Configuration is loaded from ~/.config/yubikey-gpg-notifier.json and must be present and complete for the tool to start.

Options:

  • notify_command - a shell command to run when a touch event is detected. The string %operation will be replaced with a description of the current operation.
  • cancel_command - a shell command to run when the end of a touch event is detected
  • scdaemon - the location of the scdaemon executable, can be retrieved with gpgconf
  • wait_time - the length of time a smart card operation has to block before it is considered a touch event. Raise this if you are seeing notifications when a touch is not needed.
  • log_level (optional) - the level of logging to output. Defaults to info.

Warning

When raising the log level to debug, communication between the smart card and daemon is logged.

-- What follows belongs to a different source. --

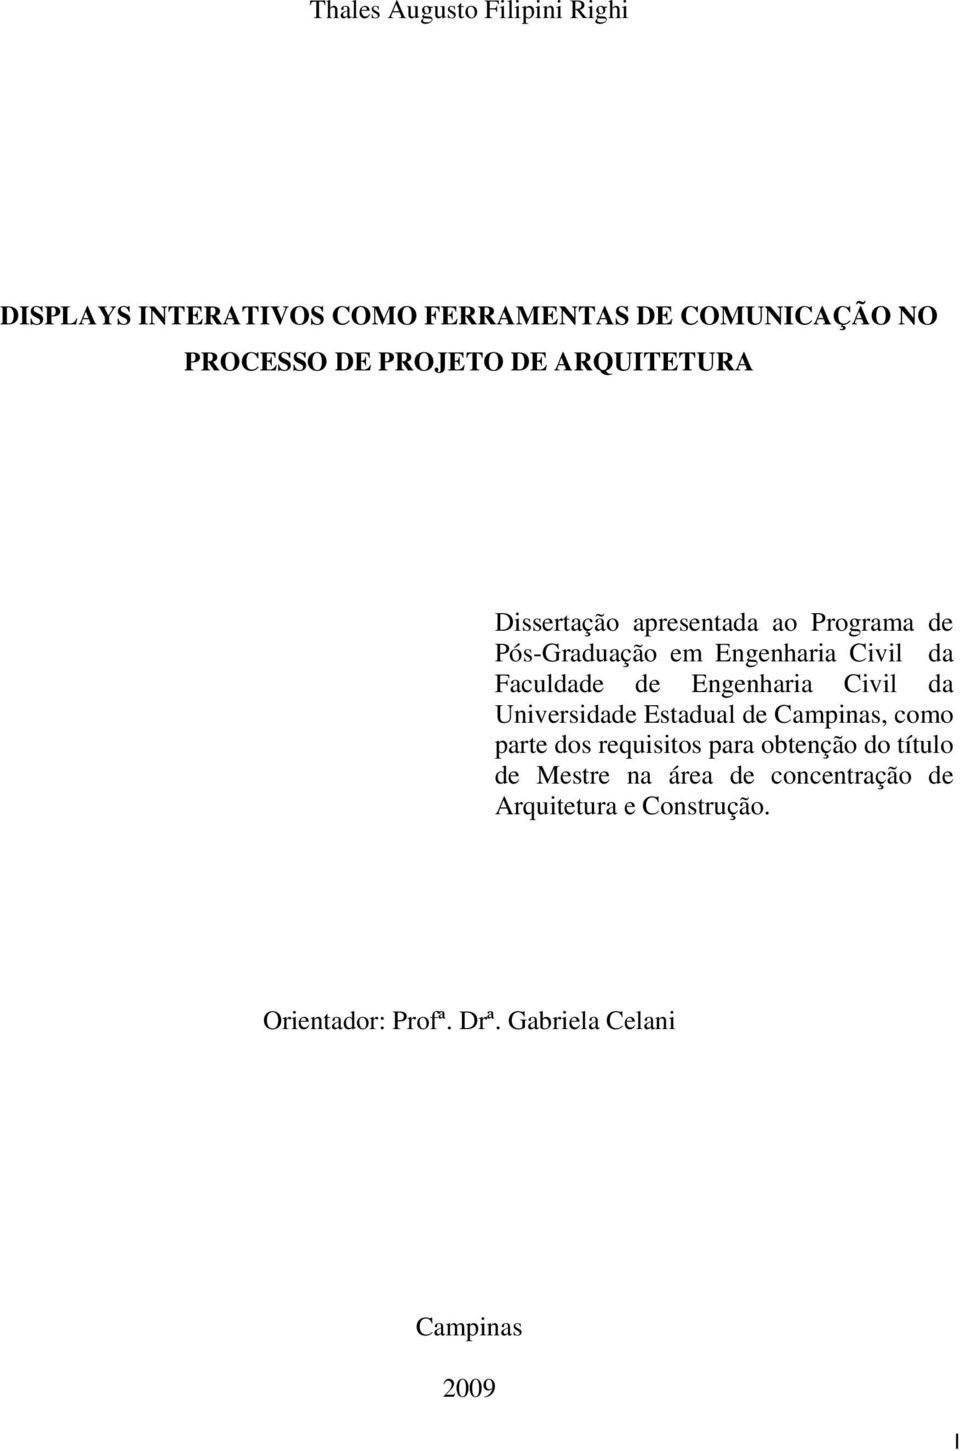 Engenharia Civil da Universidade Estadual de Campinas, como parte dos requisitos para obtenção do título de

This can include PINs and other sensitive data.

Configuration examples

Using terminal-notifier:

{
    "scdaemon": "/path/to/gnupg/libexec/scdaemon",
    "notify_command": "terminal-notifier -group yubikey-gpg-notifier -title YubiKey -message 'Touch to release %operation operation'",
    "cancel_command": "terminal-notifier -remove yubikey-gpg-notifier",
    "wait_time": 0.2
}

Screenshot of a notification using terminal-notifier


Using terminal-notifier, masquerading as Yubico Authenticator:

{
    "scdaemon": "/path/to/gnupg/libexec/scdaemon",
    "notify_command": "terminal-notifier -group yubikey-gpg-notifier -sender com.yubico.yubioath -title YubiKey -message 'Touch to release %operation operation'",
    "cancel_command": "terminal-notifier -remove yubikey-gpg-notifier -sender com.yubico.yubioath",
    "wait_time": 0.2
}

Screenshot of a notification using terminal-notifier masquerading as Yubico Authenticator


Using libnotify's notify-send:

{
    "scdaemon": "/path/to/gnupg/libexec/scdaemon",
    "notify_command": "notify-send --transient YubiKey 'Touch to release %operation operation'",
    "cancel_command": "",
    "wait_time": 0.2
}

Screenshot of a notification using notify-send in GNOME

Troubleshooting

Logs are written to /tmp/yubikey-gpg-notifier.log.

If running the tool directly to check for errors, it is necessary to pass the argument --multi-server as all arguments are passed to scdaemon. Without this scdaemon will fail to start.